Task details:
Lines before the one containing "Tax Confusion For UK Stakers Since The Merge" are not copied; that line and every one after it, through the end of the material below, are printed exactly, without pictures.

Data shown:
# # # #
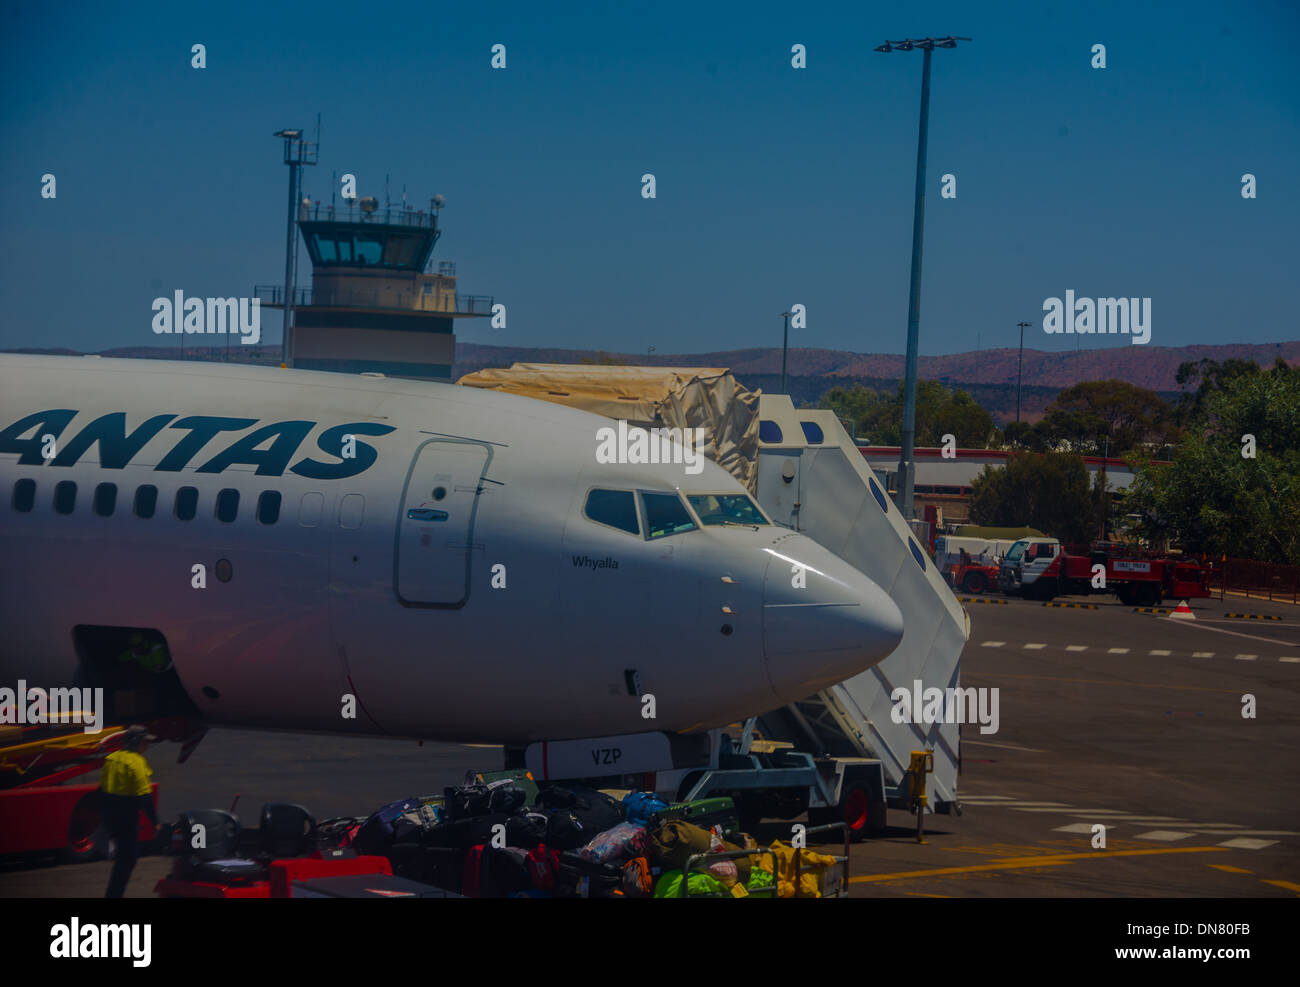 Qantas plane on tarmac with red centre background at Alice Springs baggage handler on tarmac loading airplane flight steps Stock Photo
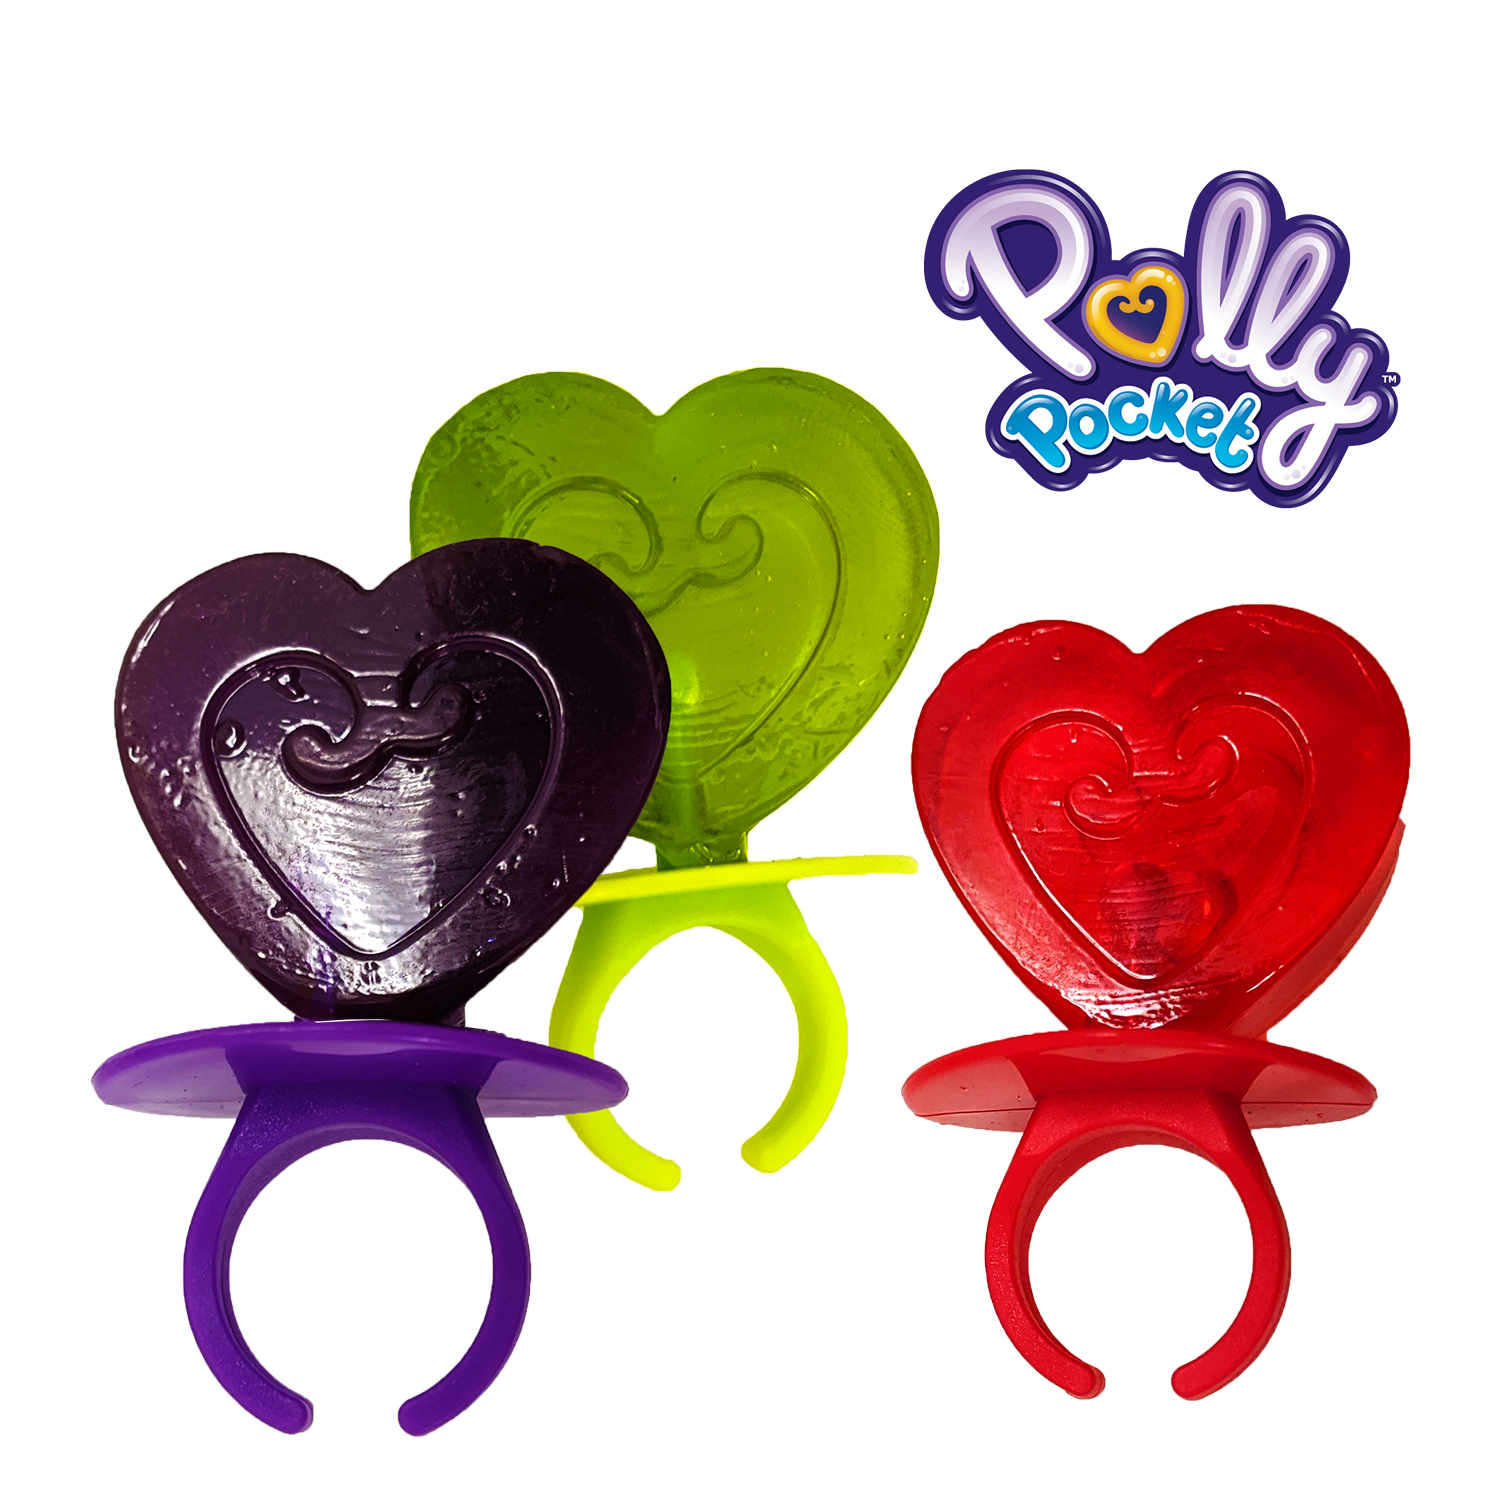 https://exclusivebrands.ca/wp-content/uploads/2021/02/prod-licensed-Polly_ring_lolly-e1613522753400.png
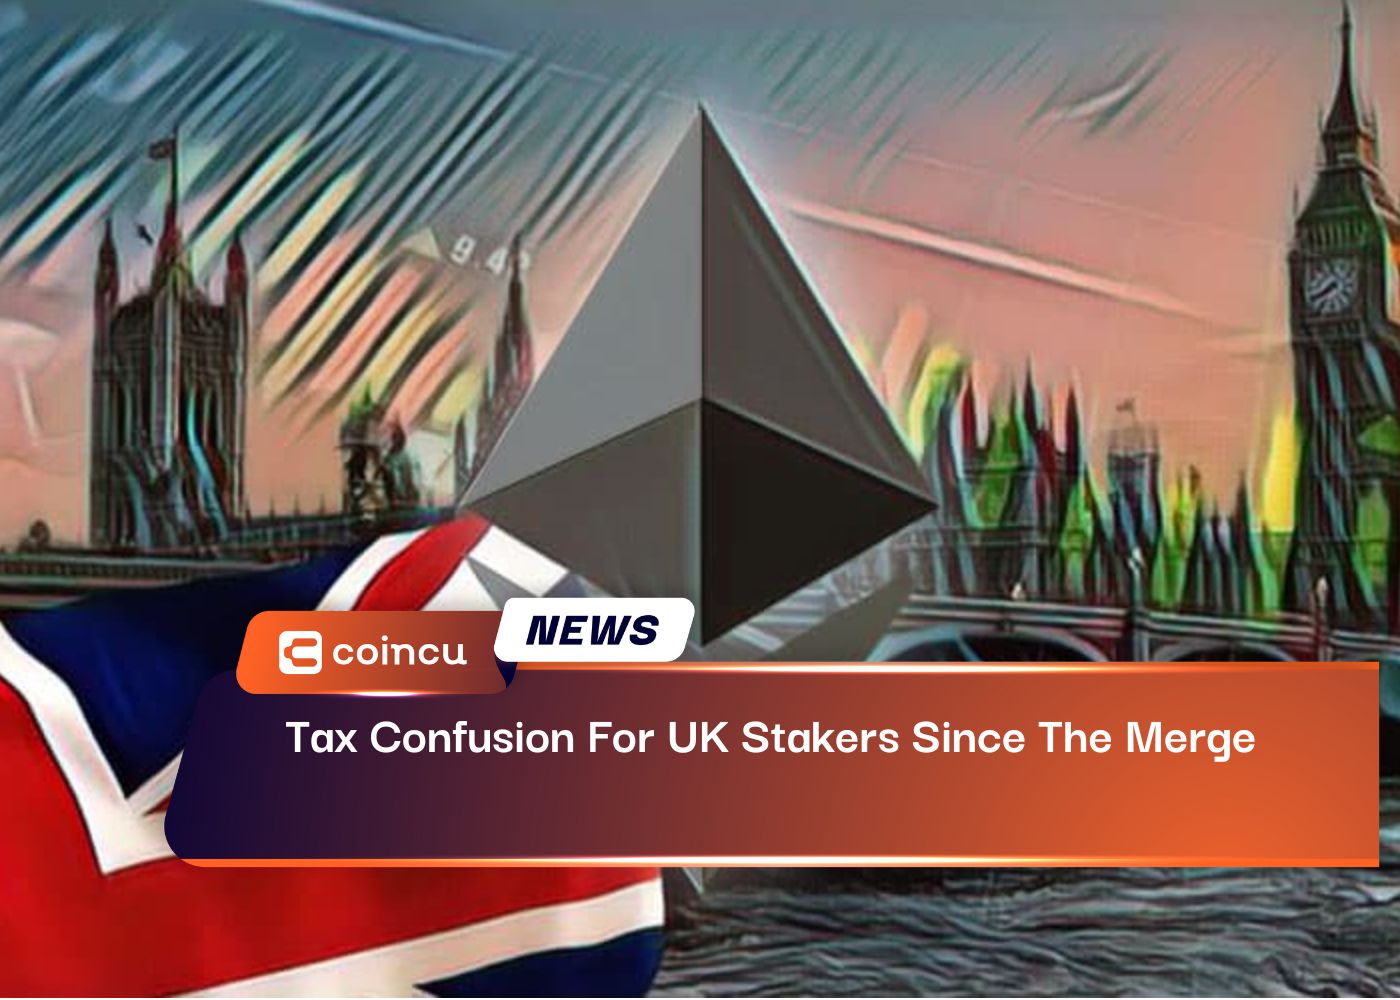 Tax Confusion For UK Stakers Since The Merge
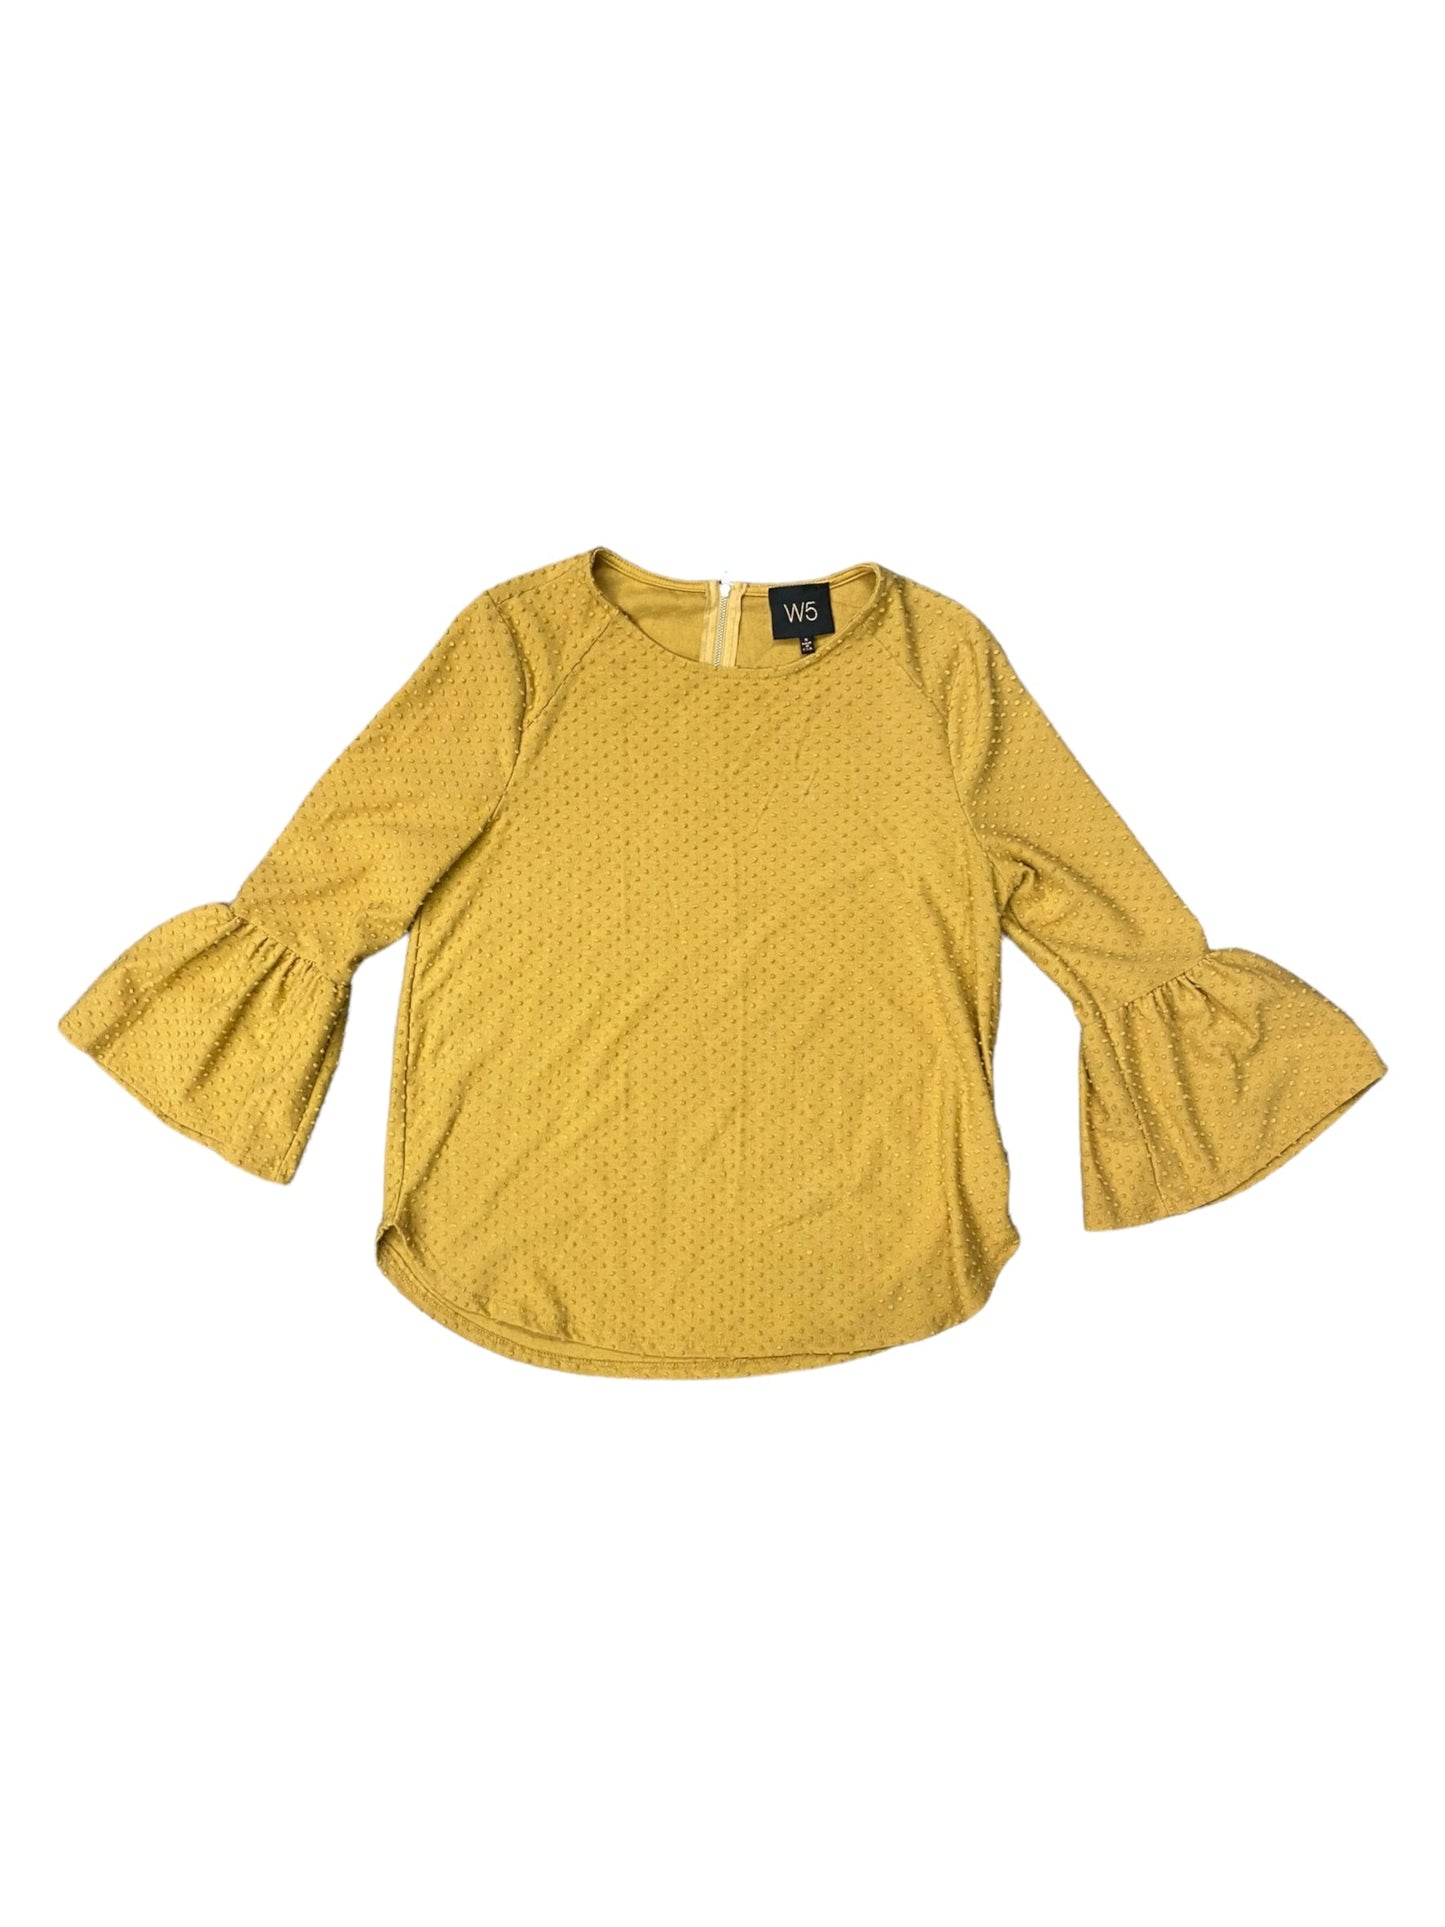 Yellow Top Long Sleeve W5, Size S
# # # #
Written reply:
 Tax Confusion For UK Stakers Since The Merge
 Yellow Top Long Sleeve W5, Size S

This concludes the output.